Sigourn
uooh afficionado
- Joined
- Feb 6, 2016
- Messages
- 5,662
I always felt from the way people described DS that Gothic 2 with Night of the Raven expansion was similar to it and was something like our (PC) version of that type of thing except you could save whenever you wanted, like a real man. Is there any truth to this?
It has similarities. Both games prioritize equipment progression over level progression. Both games also emphasize the fact that, with enough skill, you can make do without stats or equipment, but only the really, really good players can pull this off. And the combat is absolutely brutal in both games, but Dark Souls is simply much more fun IMO.

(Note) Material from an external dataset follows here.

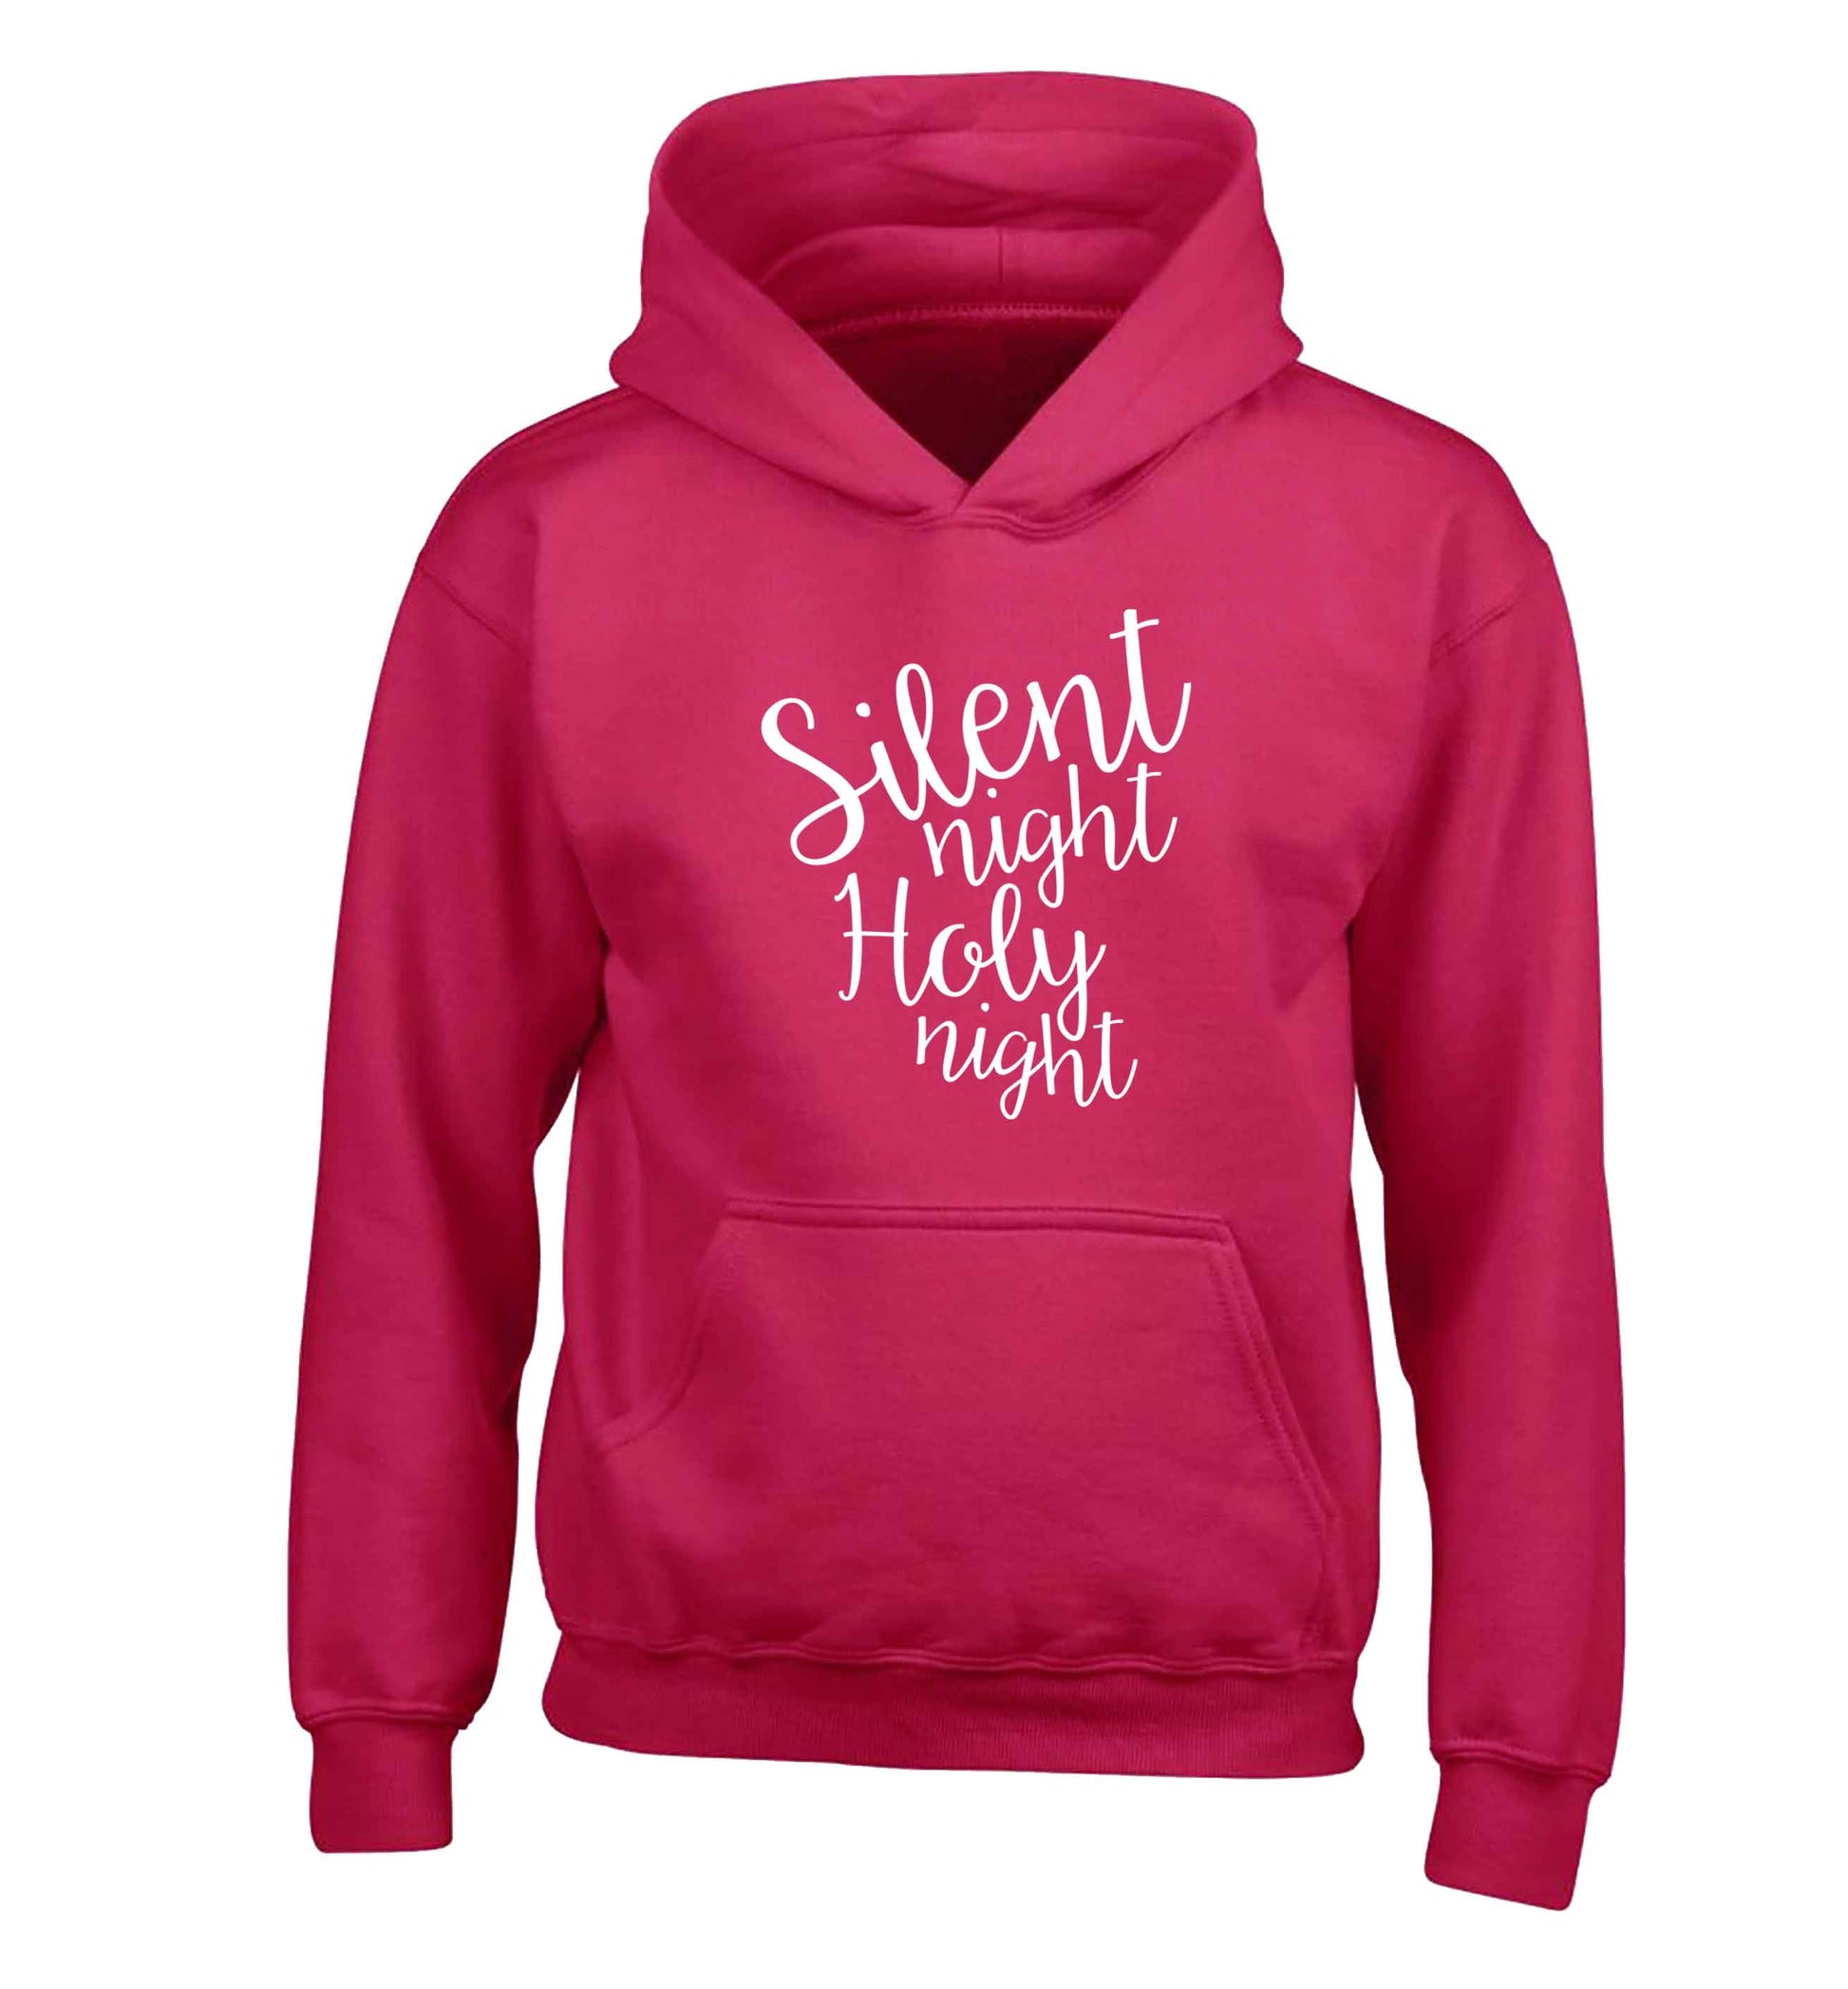 Silent night holy night children's pink hoodie 12-13 Years
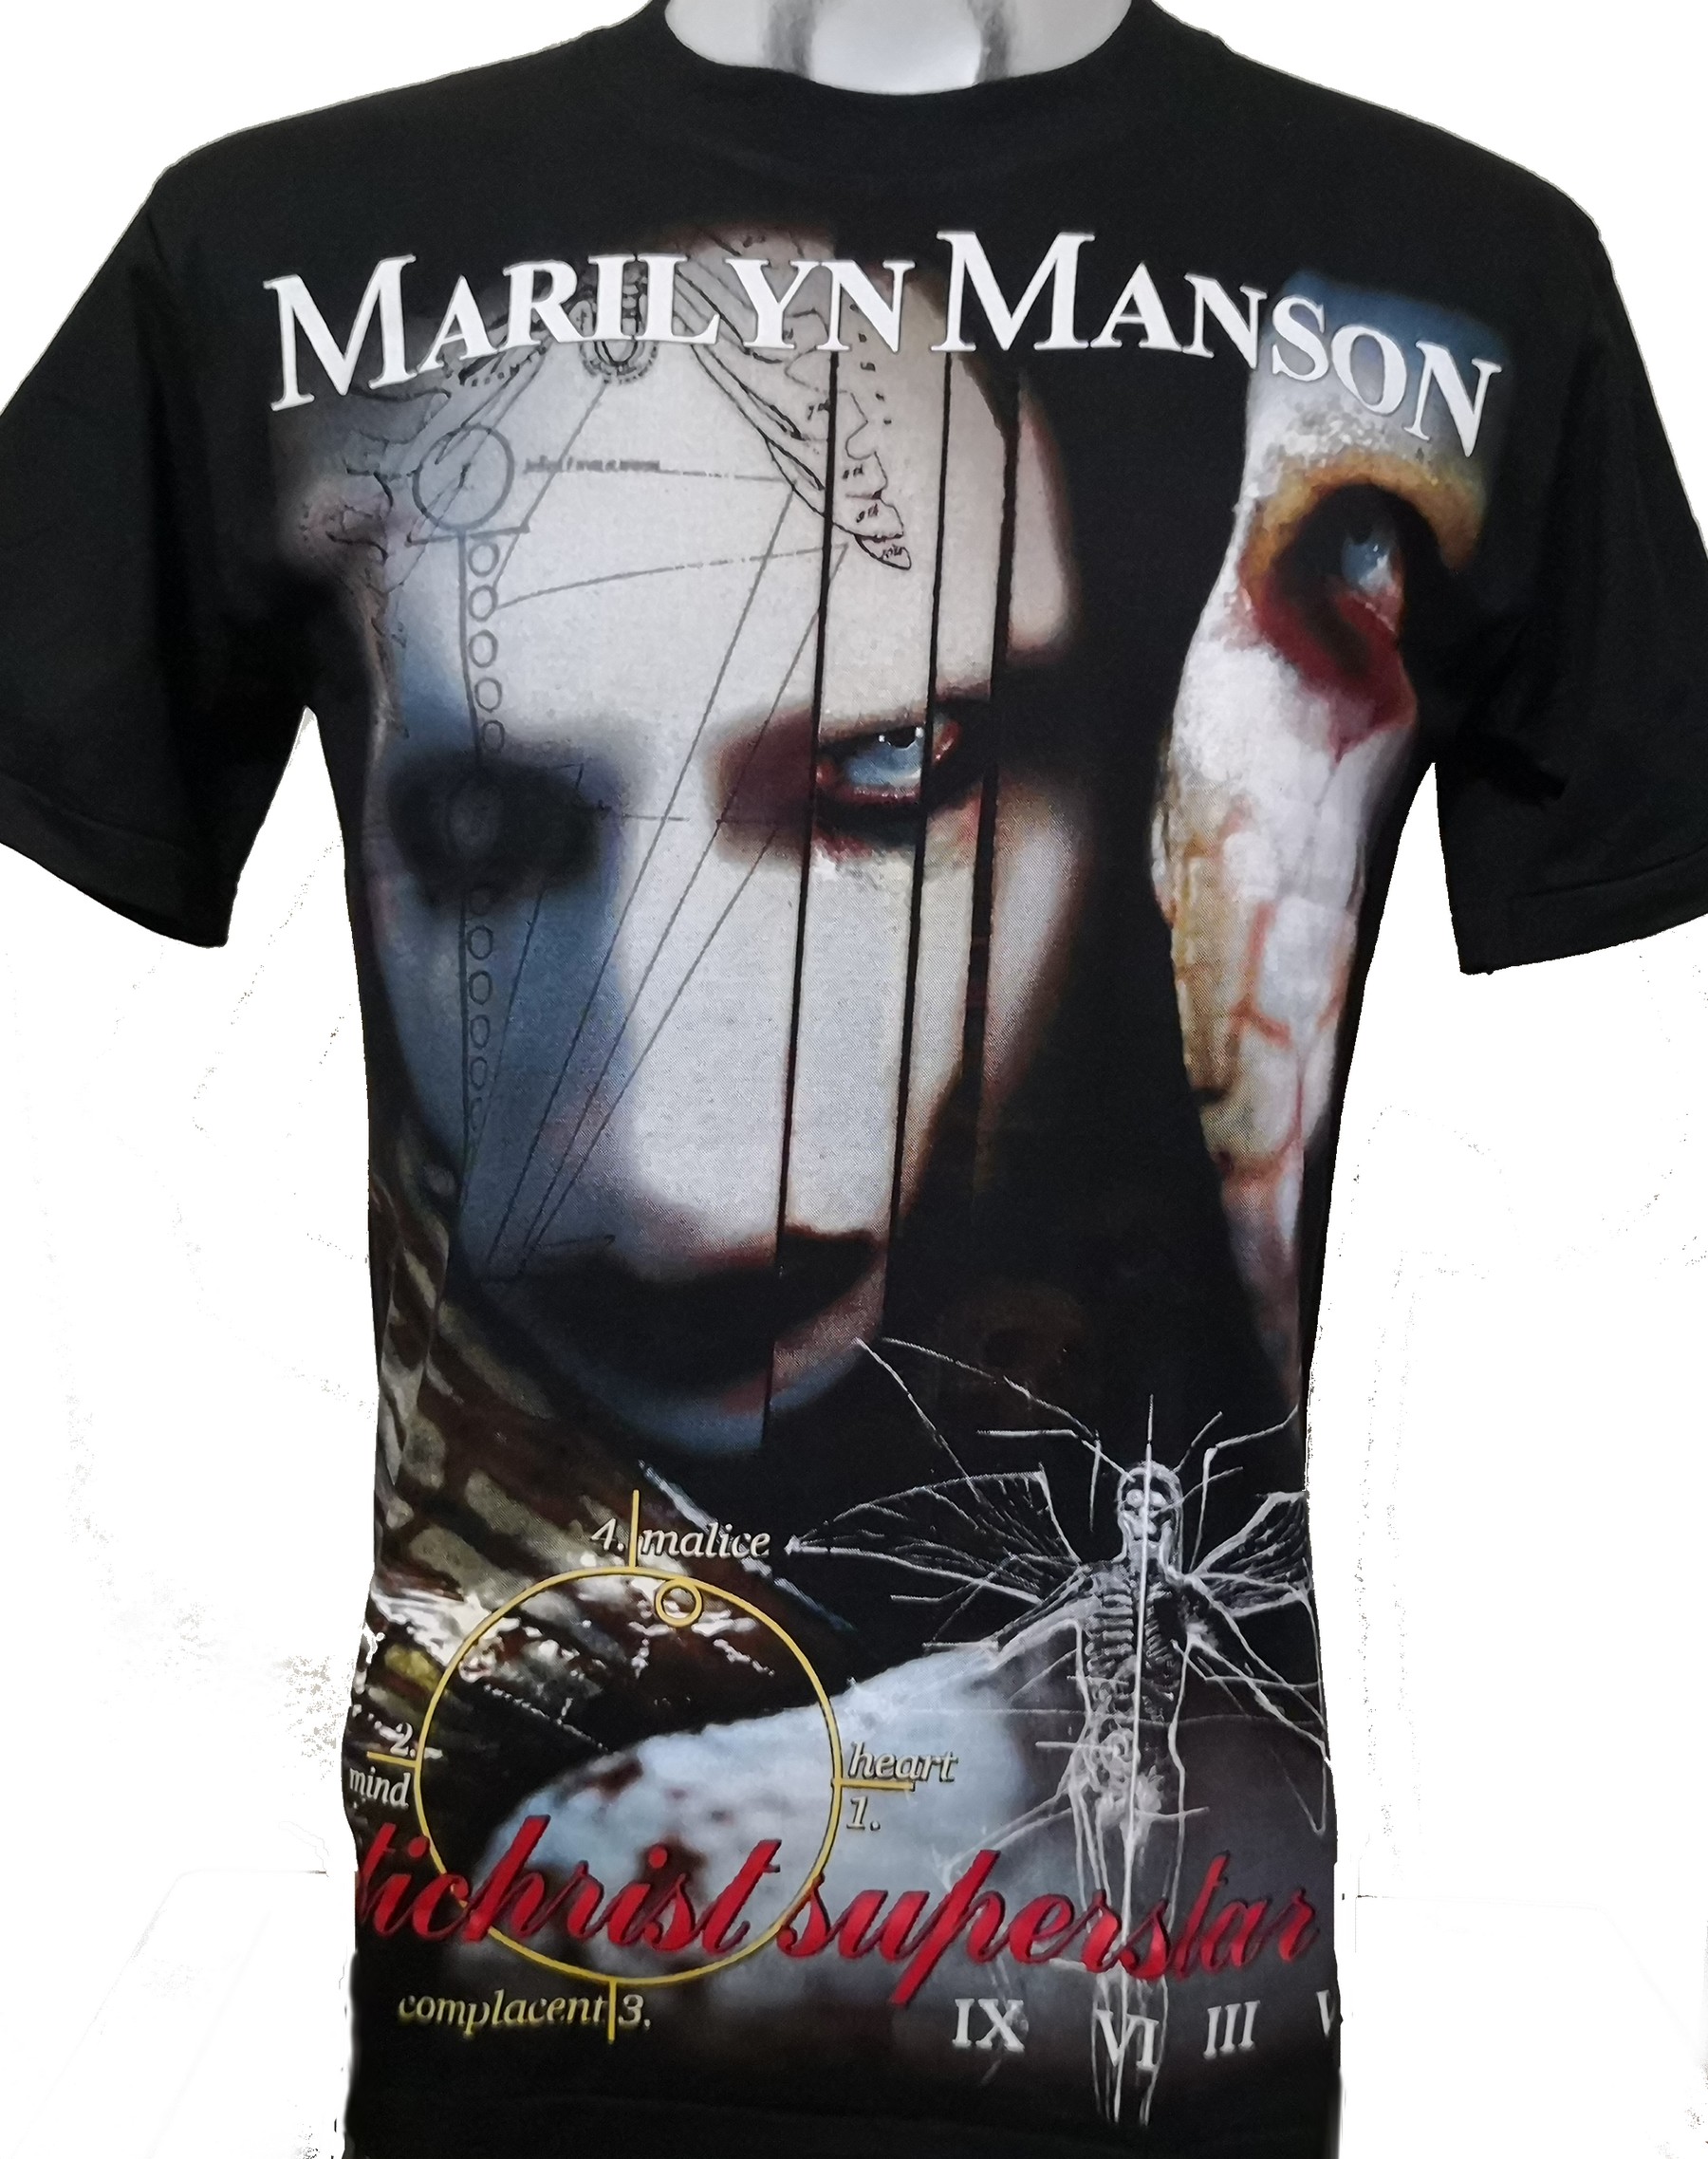 Marilyn Manson t-shirt Antichrist Superstar size L

Gothic II doesn't let you grind, and Dark Souls most definitely does. Then there's also the saving system of Dark Souls. The big difference compared to Vagrant Story is that, in Vagrant Story, you knew the next save point wasn't particularly far away from you. And the enemies weren't as brutal. In Dark Souls, you can die easily and the bonfires are spread fairly apart from each other. This makes it a much, MUCH more tough and exciting experience.
I suppose you could say Gothic II NotR is "like Dark Souls, but in PC", but only if you ignore most of the things that make Dark Souls great. Gothic II is great for a lot of other things, like how level progression works and how you are gated by enemies you can't outlevel. Imagine if Dark Souls didn't let you grind. It would be a bore: once you kill enemies, they never respawn, and the way is clear until you kill a new boss, and repeat. It takes the fun out of the game because you won't die anywhere near as often (anyone can kill a single enemy, but killing 20 isn't that easy), just like how Gothic would be boring if you could grind lower level enemies.